Given information:
┄┄┄┄┄┄
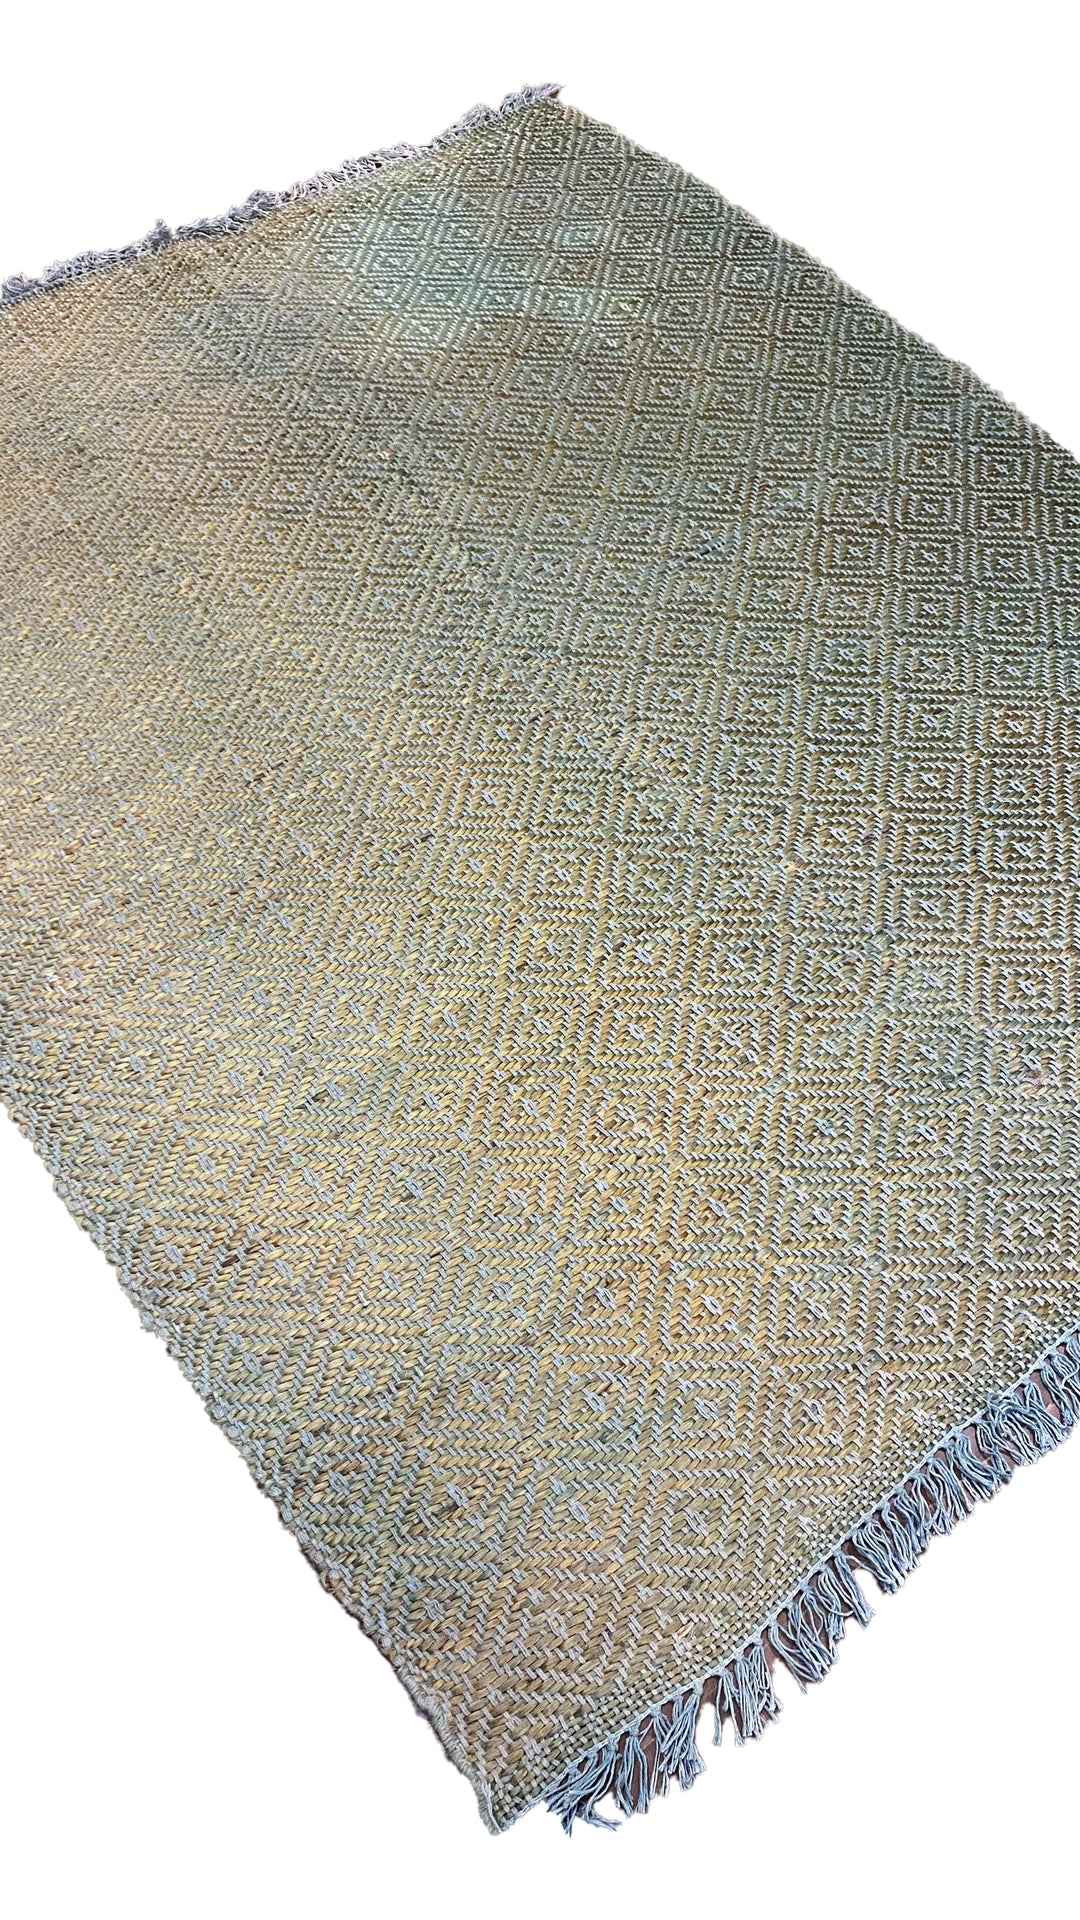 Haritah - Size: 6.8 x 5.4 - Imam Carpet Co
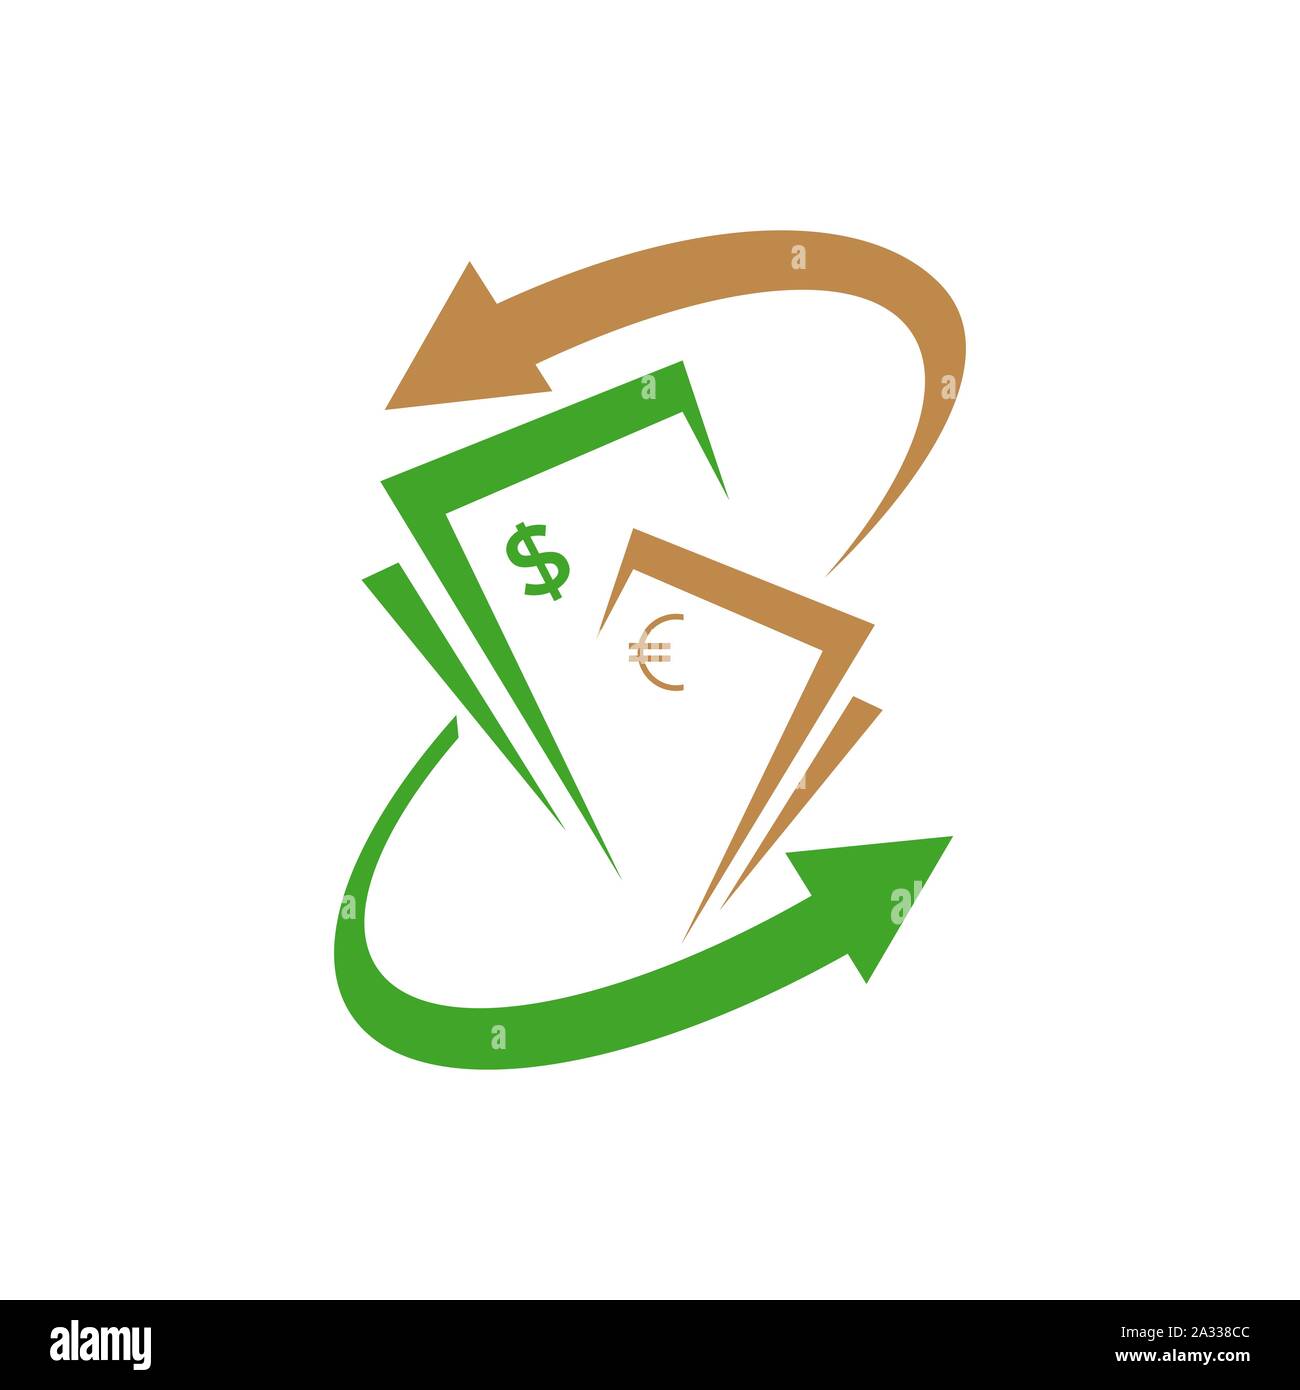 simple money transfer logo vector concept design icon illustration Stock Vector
┄┄┄┄┄┄
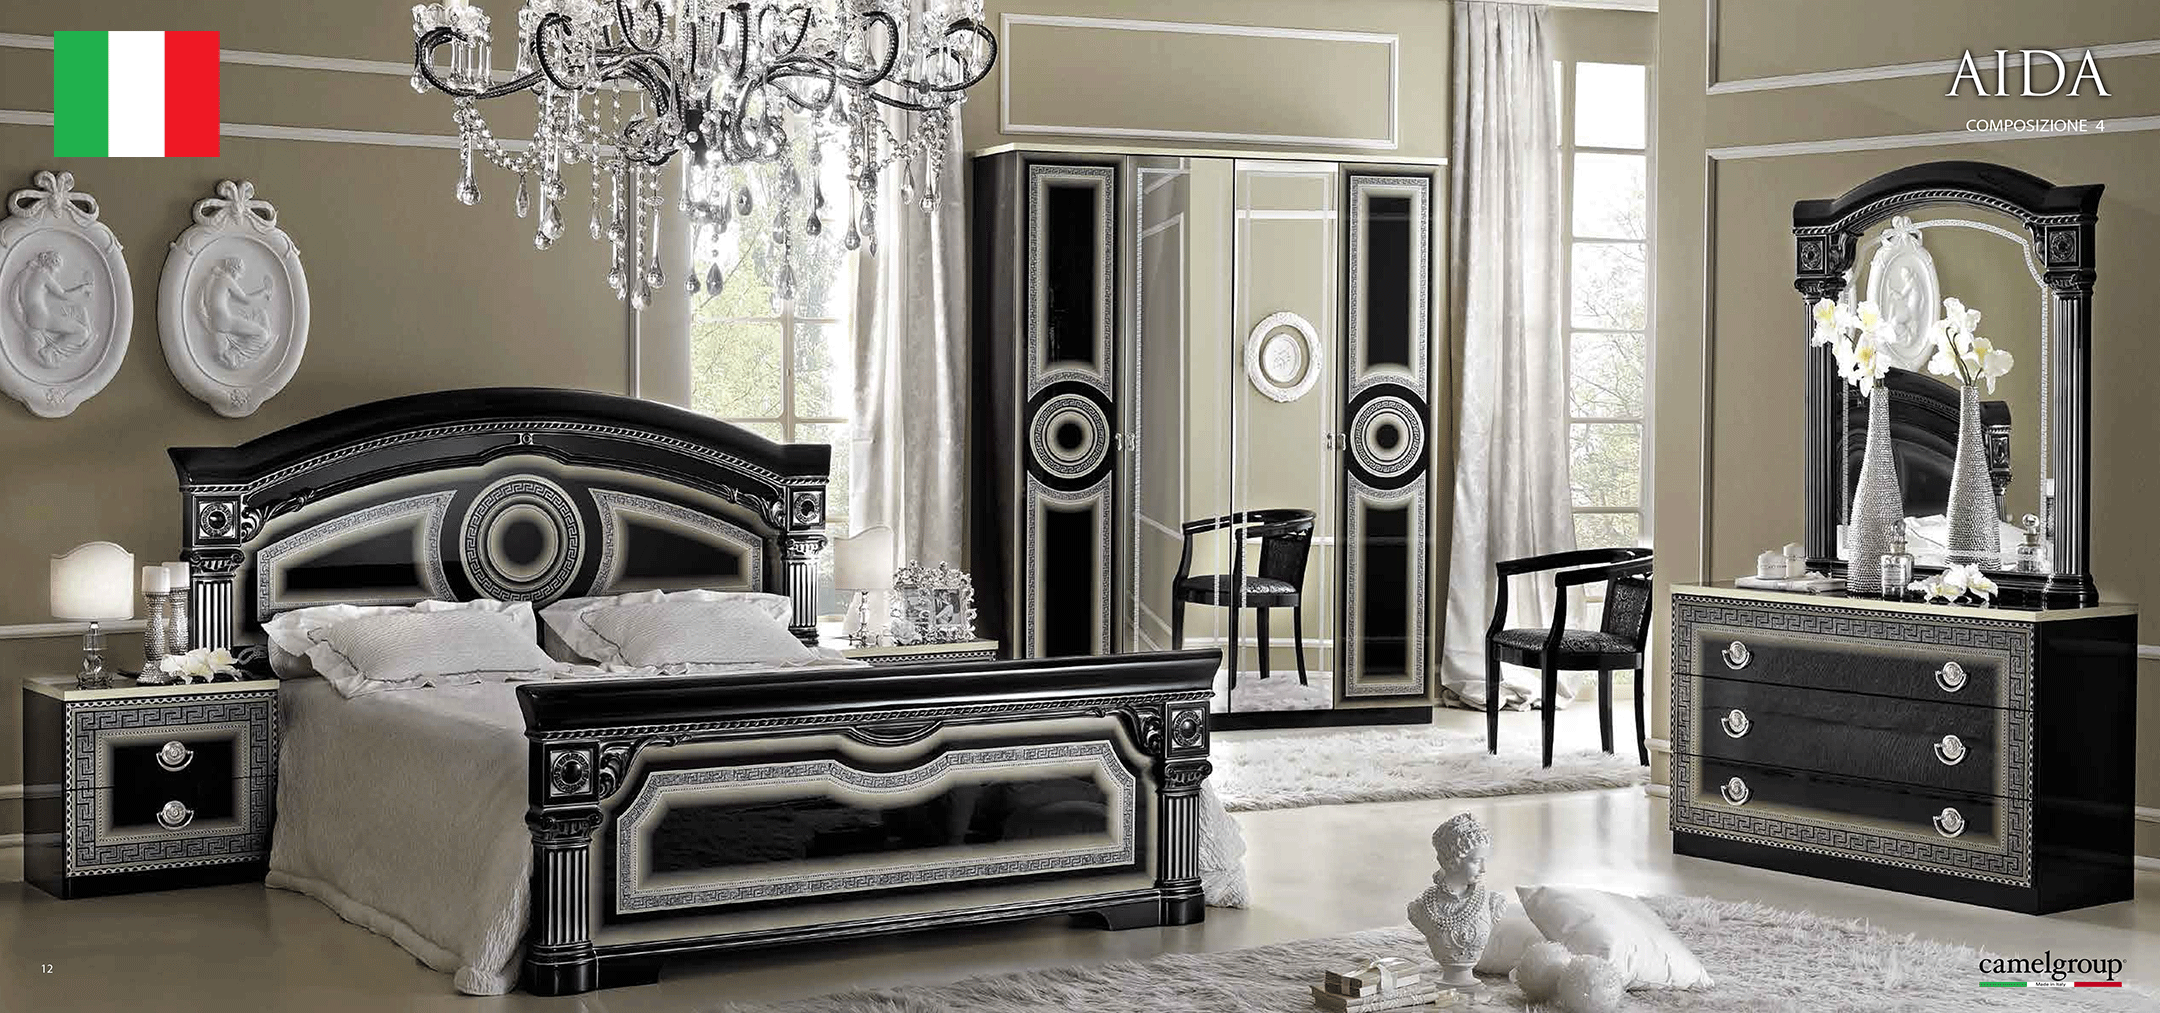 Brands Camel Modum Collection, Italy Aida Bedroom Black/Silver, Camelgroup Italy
┄┄┄┄┄┄
Work required: In the listing above, find the line with "Haritah - Size: 6.8 x 5.4 - Imam Carpet Co" and the line with "simple money transfer". Copy exactly those lines and all between them, minus the images.

Completed task:
 Haritah - Size: 6.8 x 5.4 - Imam Carpet Co
 simple money transfer logo vector concept design icon illustration Stock Vector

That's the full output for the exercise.